- **INFORMATION SHOWN**:
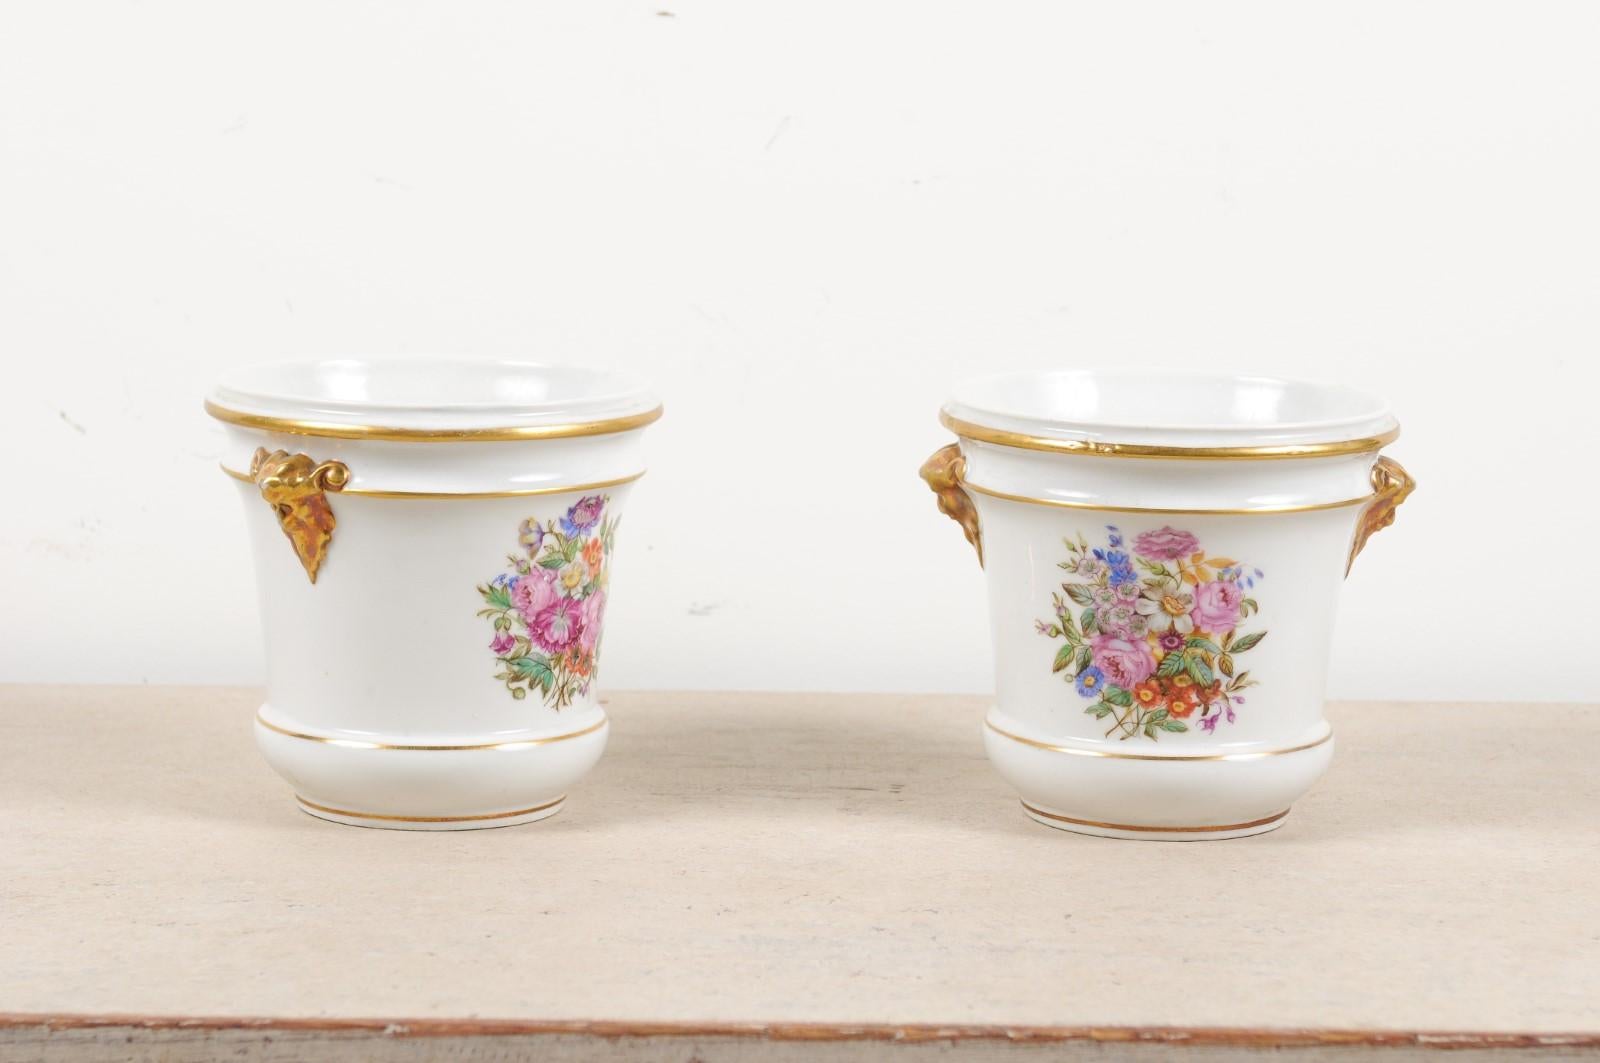 A pair of French Louis XVI period Paris porcelain cachepots from the late 18th century, with hand-painted floral décor and gilt accents. Created in France during the short reign of King Louis XVI, each of this pair of cachepots features a circular
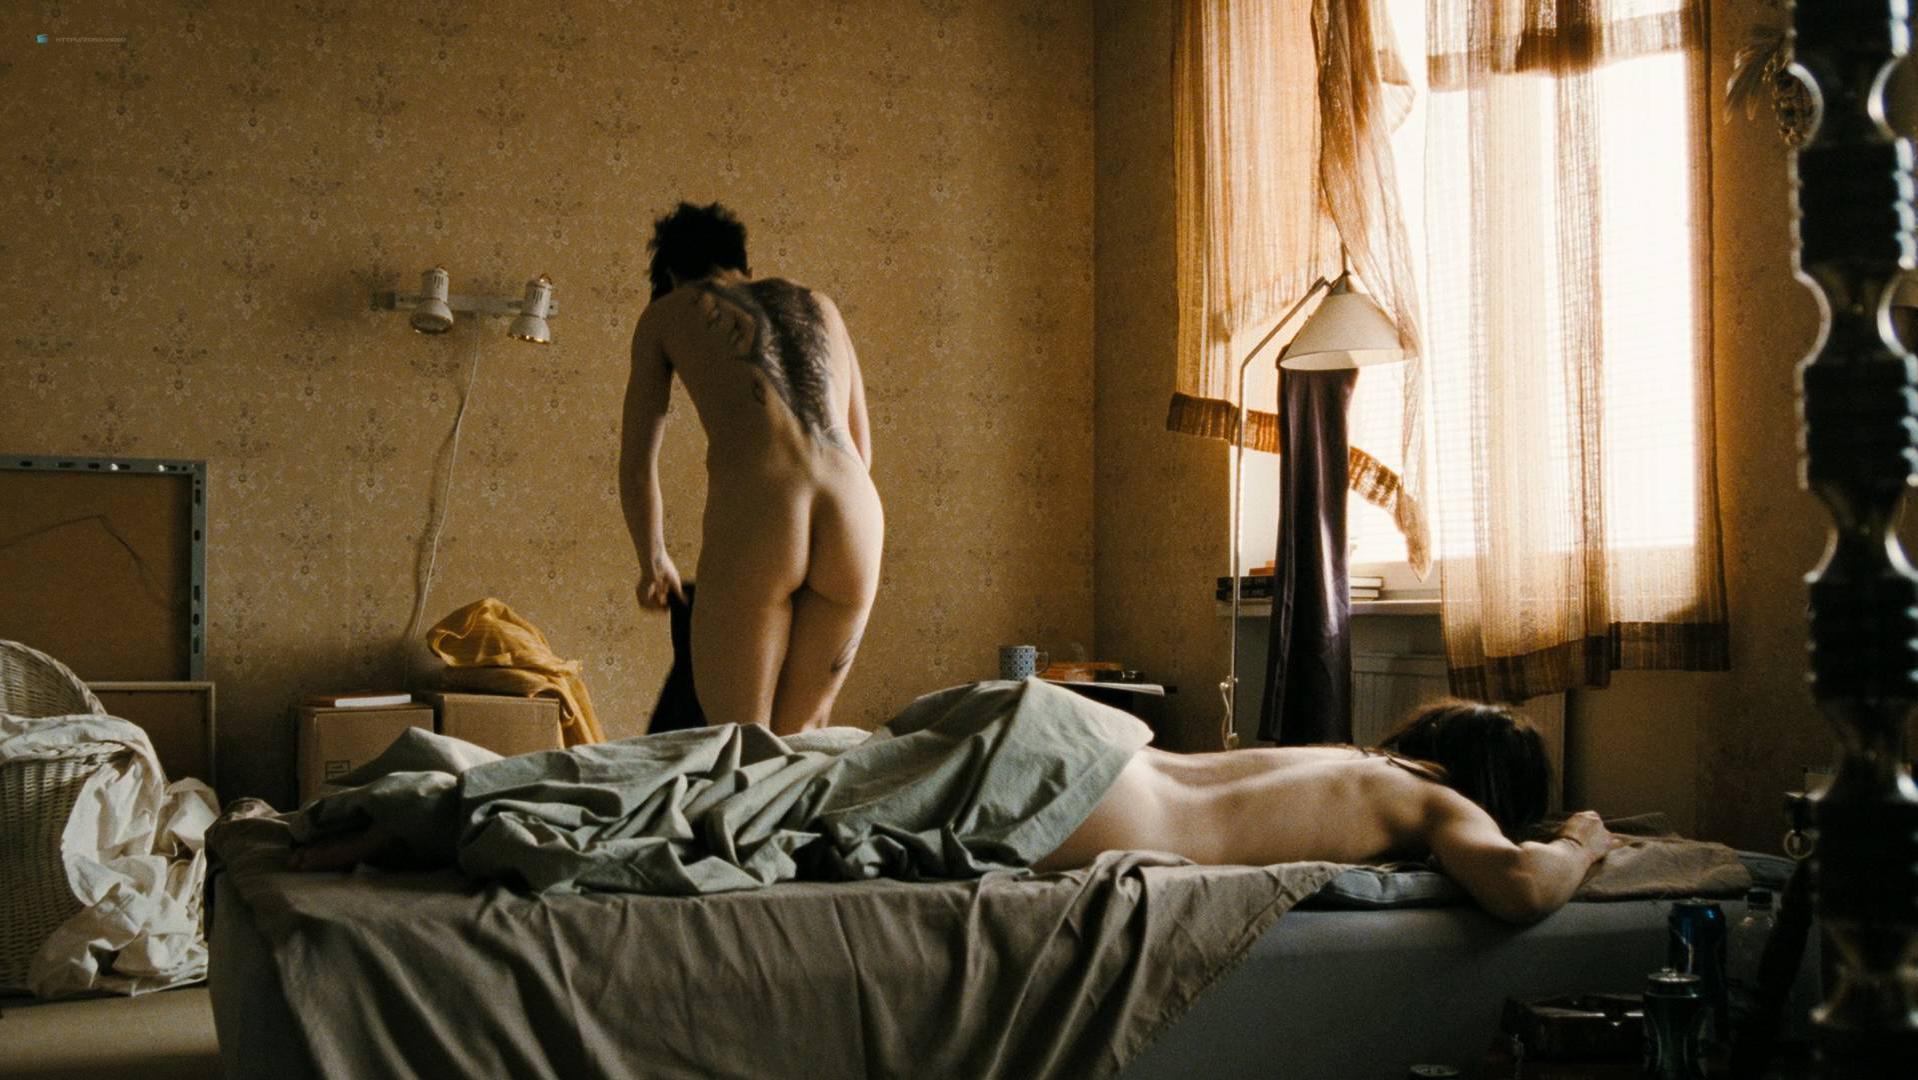 Topless noomi rapace noomi rapace
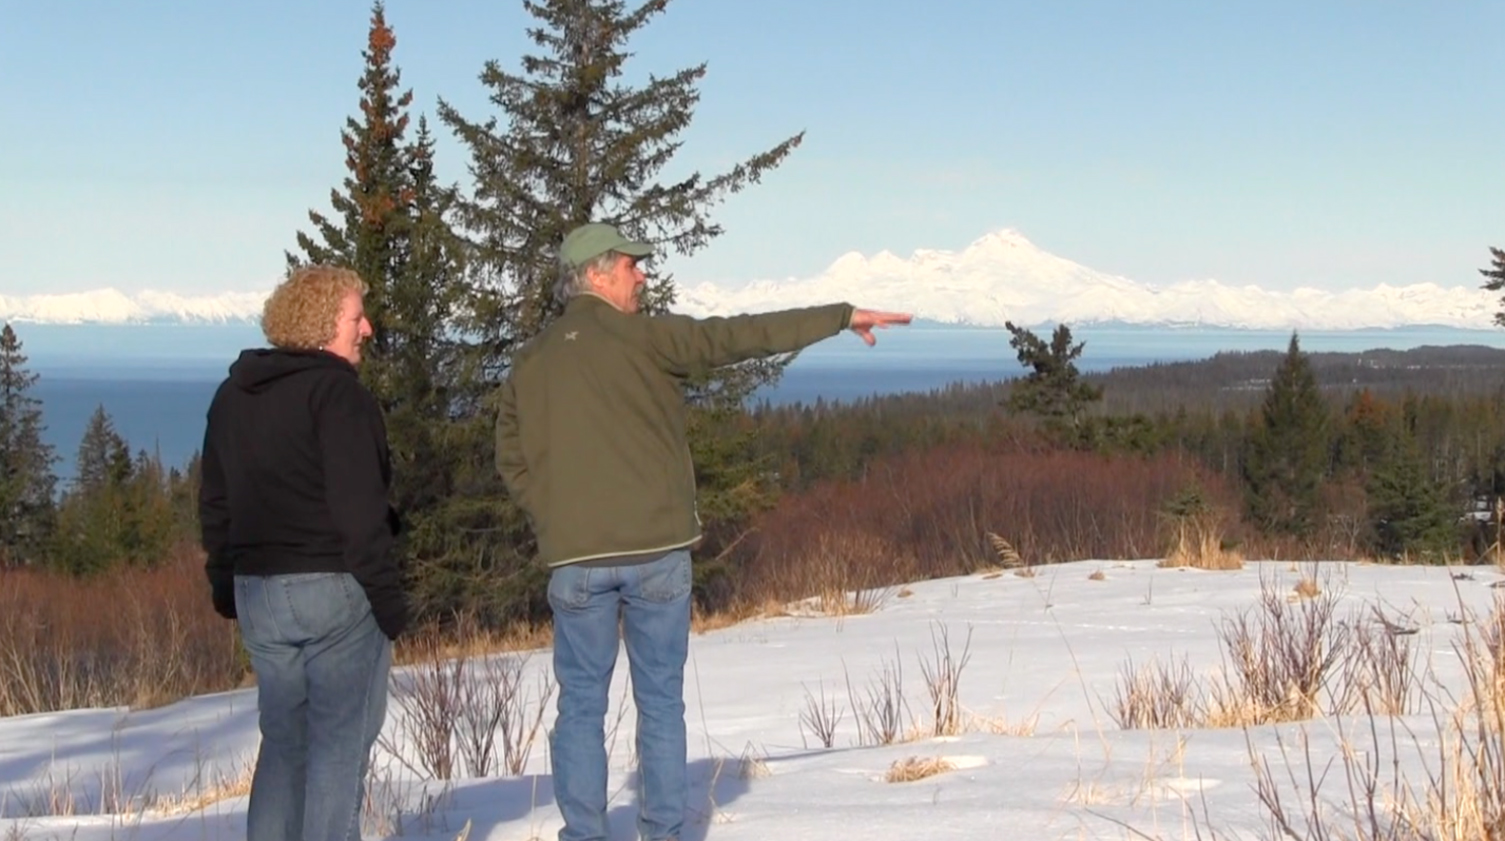 Dana Stabenow, left, and builder Scott Bauer, right, walk Stabenow’s property to select a site for the project. The area includes views of Cook Inlet, Augustine Volcano, Mount Iliamna and Redoubt Volcano.-Photo Provided
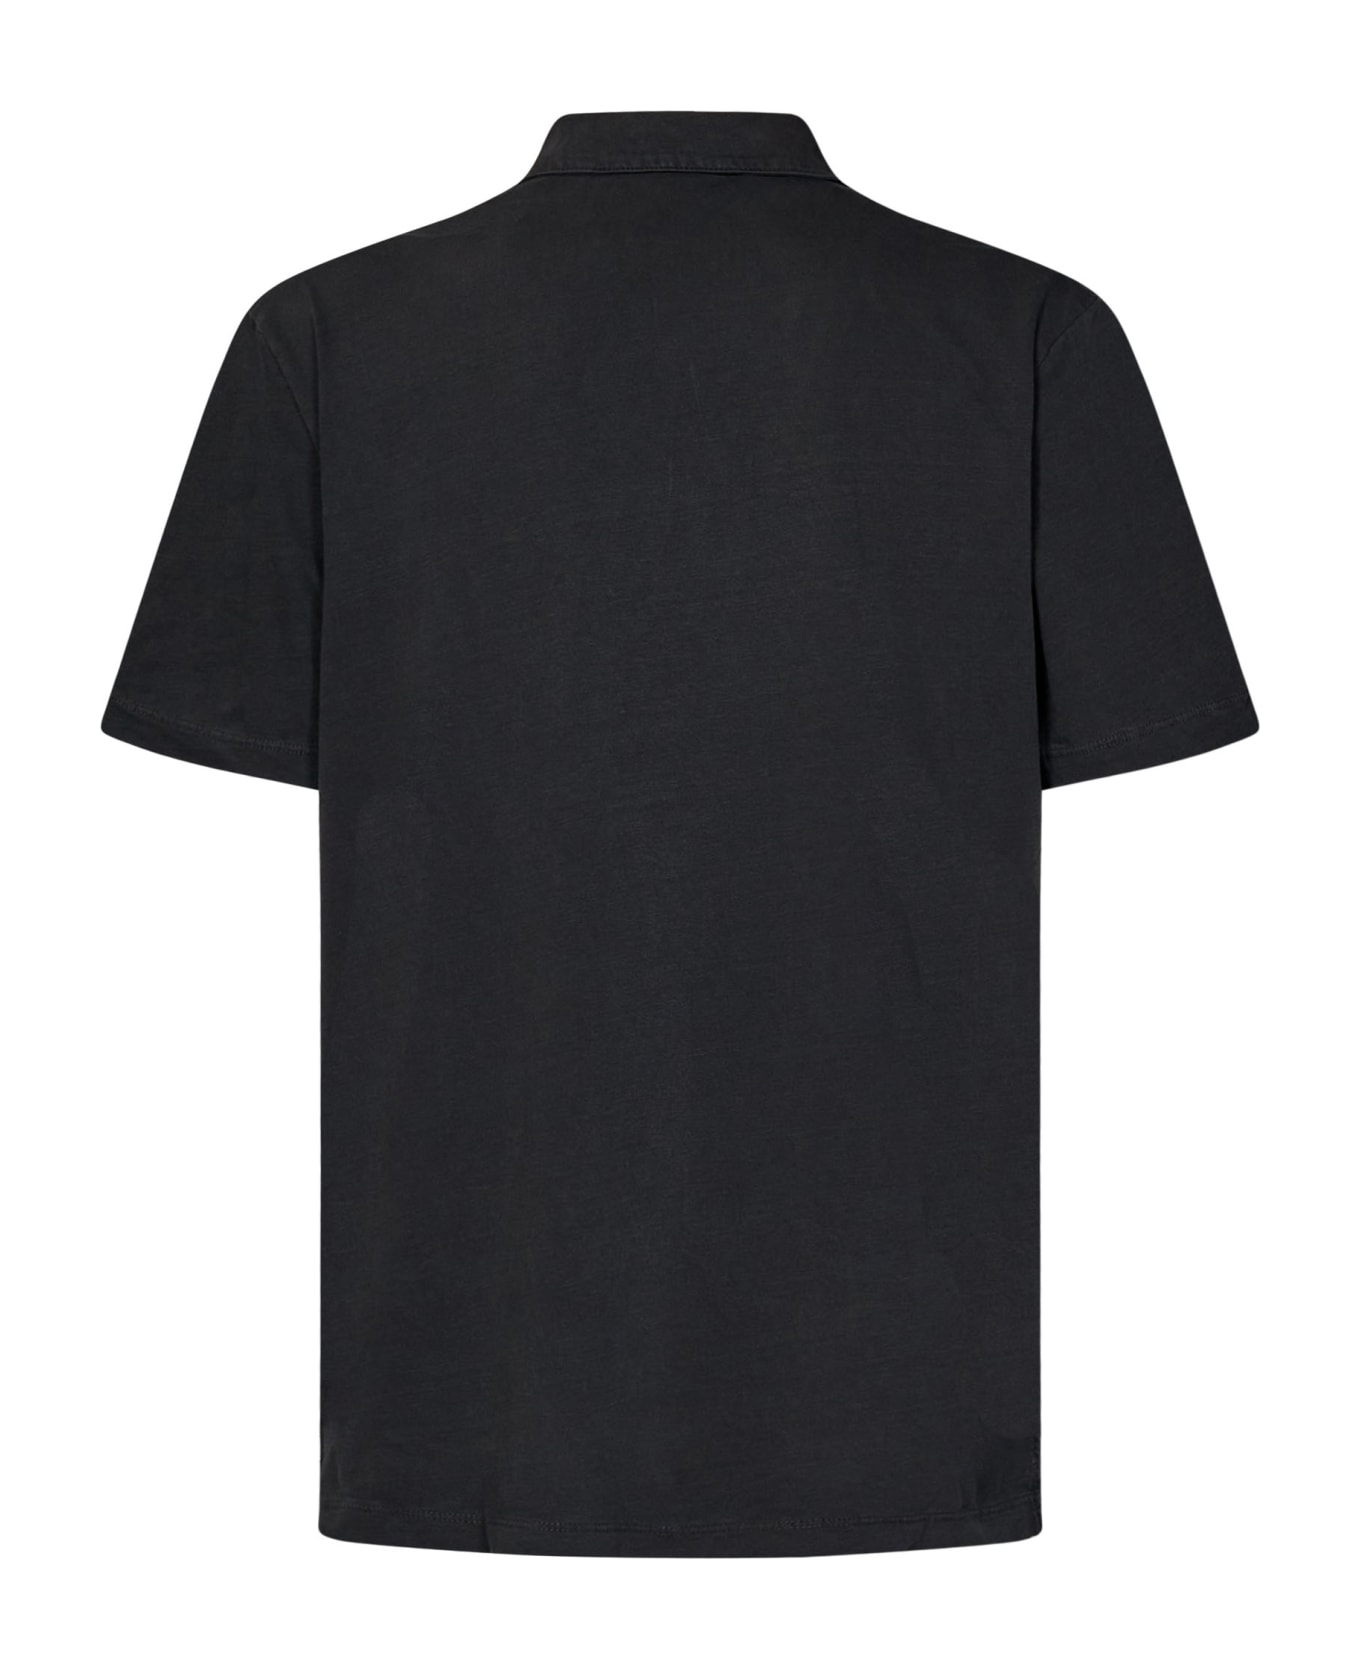 James Perse Polo Shirt - Carbone
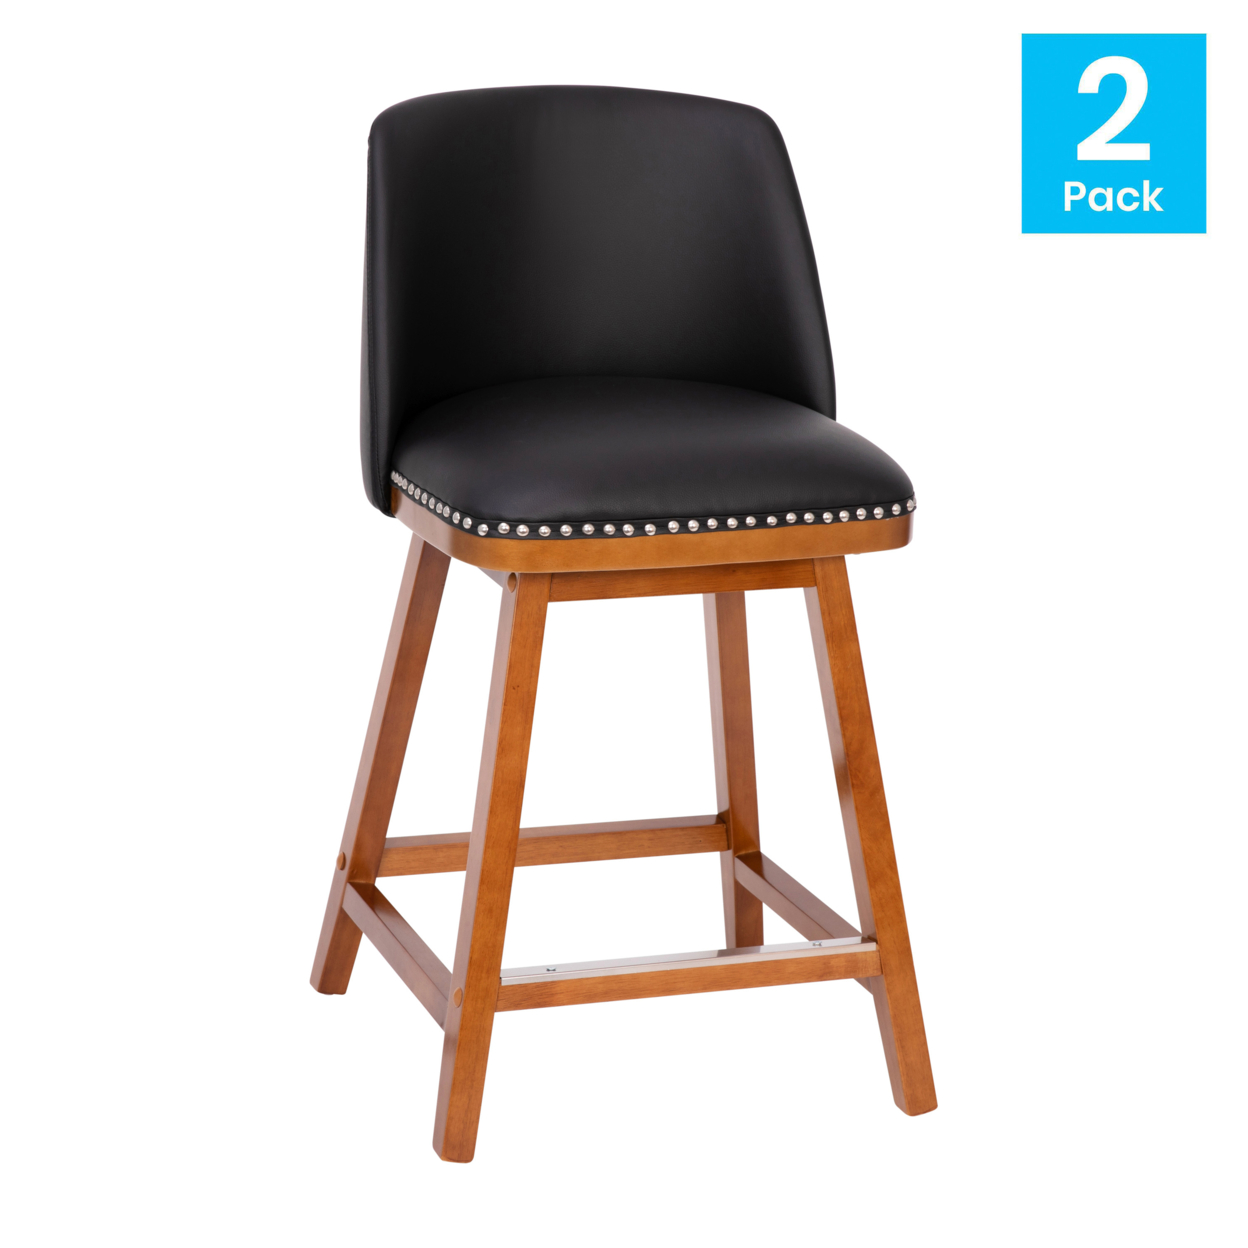 2 Piece 24 Inch Leather Stools, Curved Back, Seat, Nailhead Trims, Black

- **TASK**: Leave the pictures out and copy the rest of the data exactly.

- **ANSWER SPACE**:
 A pair of French Louis XVI period Paris porcelain cachepots from the late 18th century, with hand-painted floral décor and gilt accents. Created in France during the short reign of King Louis XVI, each of this pair of cachepots features a circular
 Topless noomi rapace noomi rapace
 Dana Stabenow, left, and builder Scott Bauer, right, walk Stabenow’s property to select a site for the project. The area includes views of Cook Inlet, Augustine Volcano, Mount Iliamna and Redoubt Volcano.-Photo Provided
 James Perse Polo Shirt - Carbone
 2 Piece 24 Inch Leather Stools, Curved Back, Seat, Nailhead Trims, Black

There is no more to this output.